There are a few popular terms for people who love to travel and experience food from different cultures:
- Foodie – Someone passionate about discovering and experiencing high-quality cuisine. Foodies may plan trips around tasting authentic regional dishes.
- Gastro tourist – A traveler who journeys specifically to savor the food and drink of a region. They view cuisine as the gateway to understanding local culture.
- Culinary traveler – Similar to a gastronomic tourist, this describes someone who travels to areas known for signature dishes to enjoy the food there.
So while “foodie” can refer to food lovers who don’t necessarily travel for cuisine, the terms “gastro tourist” and “culinary traveler” specifically denote travelers motivated by unique food experiences.
The Locomotive Mentality of Travel
Callard criticizes the locomotive mentality behind much travel – rapidly ticking off sights and destinations like boxes on a checklist rather than genuinely engaging with a place:
“Tourism is marked by its locomotive character. ‘I went to France.’ O.K., but what did you do there? ‘I went to the Louvre.’ O.K., but what did you do there? ‘I went to see the Mona Lisa.’ That is, before quickly moving on.”

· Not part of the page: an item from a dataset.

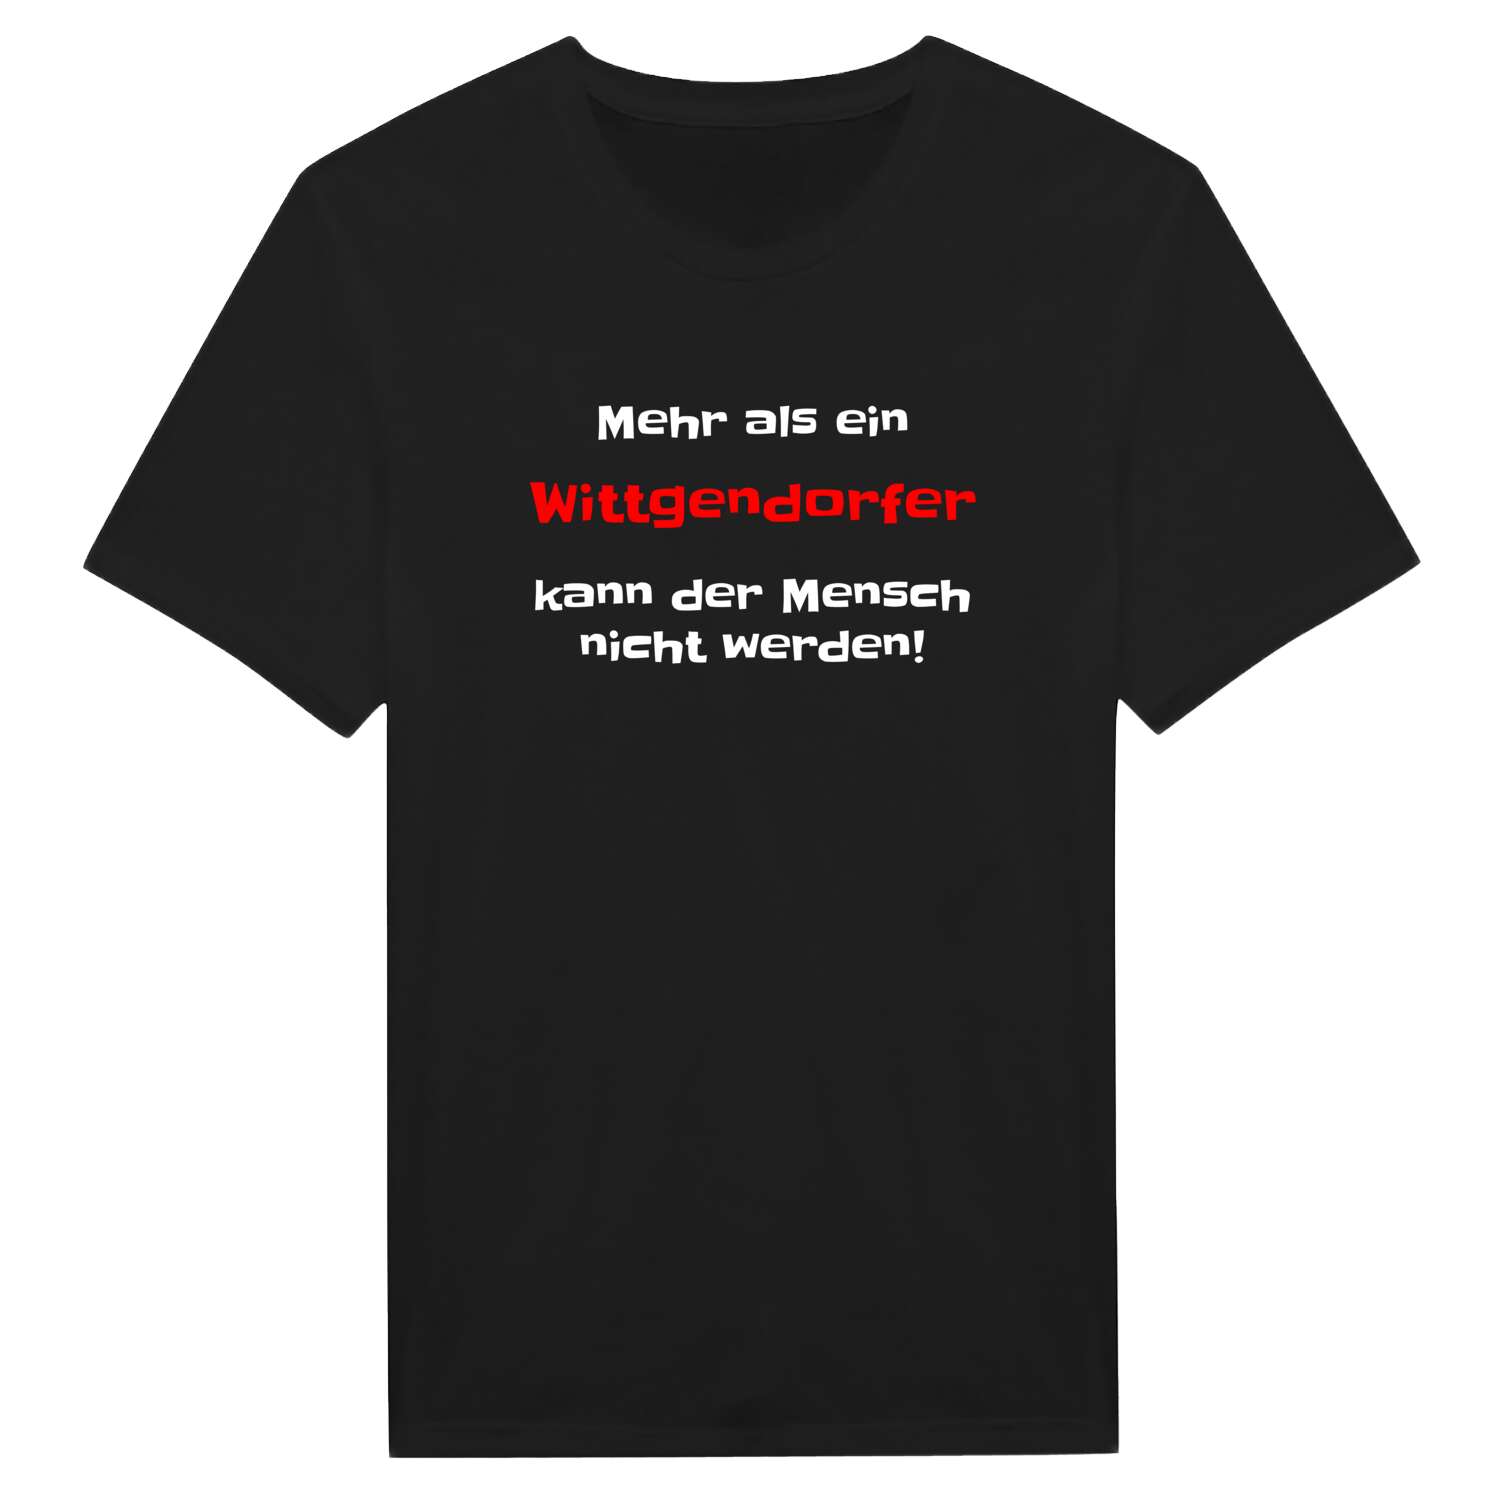 Wittgendorf T-Shirt »Mehr als ein«

This commodification of travel distorts the purpose behind why many people travel. Tourism promotes interest in visiting sites simply because they are designated as must-see attractions rather than holding any personal significance. It incentivizes the traveler to move through places rapidly, collecting snapshots of landmarks or artworks without establishing any meaningful connection.
Travel Transforms Us Into Our Worst Selves
Callard provocatively argues travel often brings out the worst tendencies in travelers even while convincing them it puts them at their best:
“Travel turns us into the worst version of ourselves while convincing us that we’re at our best. Call this the traveller’s delusion.”
How so? When traveling, people readily suspend their normal judgments and standards to step outside their usual comfort zones. But when travelers start visiting destinations and activities they usually spurn, they lack the context to appreciate these novel experiences. Their expanded horizons remain superficial. A traveler may suddenly start touring museums without any art appreciation background. What will they make of the paintings? As Essayist Ralph Waldo Emerson reflected, “I seek the Vatican, and the palaces. I affect to be intoxicated with sights and suggestions, but I am not intoxicated.”
The Allure of Transformation Through Travel
What explains the vast significance and allure we attach to travel? Callard argues travel provides a tantalizing yet elusive taste of transformation and novelty. It splits our stretch of existence into a before and after, masking the certainty that we too shall die. Travel previews doing nothing even while disguising this as an enrichment narrative that we are expanding our boundaries. It appeals by turning us into temporary versions of our hoped-for future selves, no matter how superficial.
In the end, the way we travel reveals our attitude toward life’s ephemeral nature. As Callard concludes, “Socrates said that philosophy is a preparation for death. For everyone else, there’s travel.”
The New Yorker article clearly sparked controversy on many facets around travel. Some have criticized Callard’s stance as reductionist or missing how travel can lead to very meaningful personal growth for some people. But whether or not you fully agree, her contrarian philosophizing pushes us to challenge our assumptions and motivations around why we travel.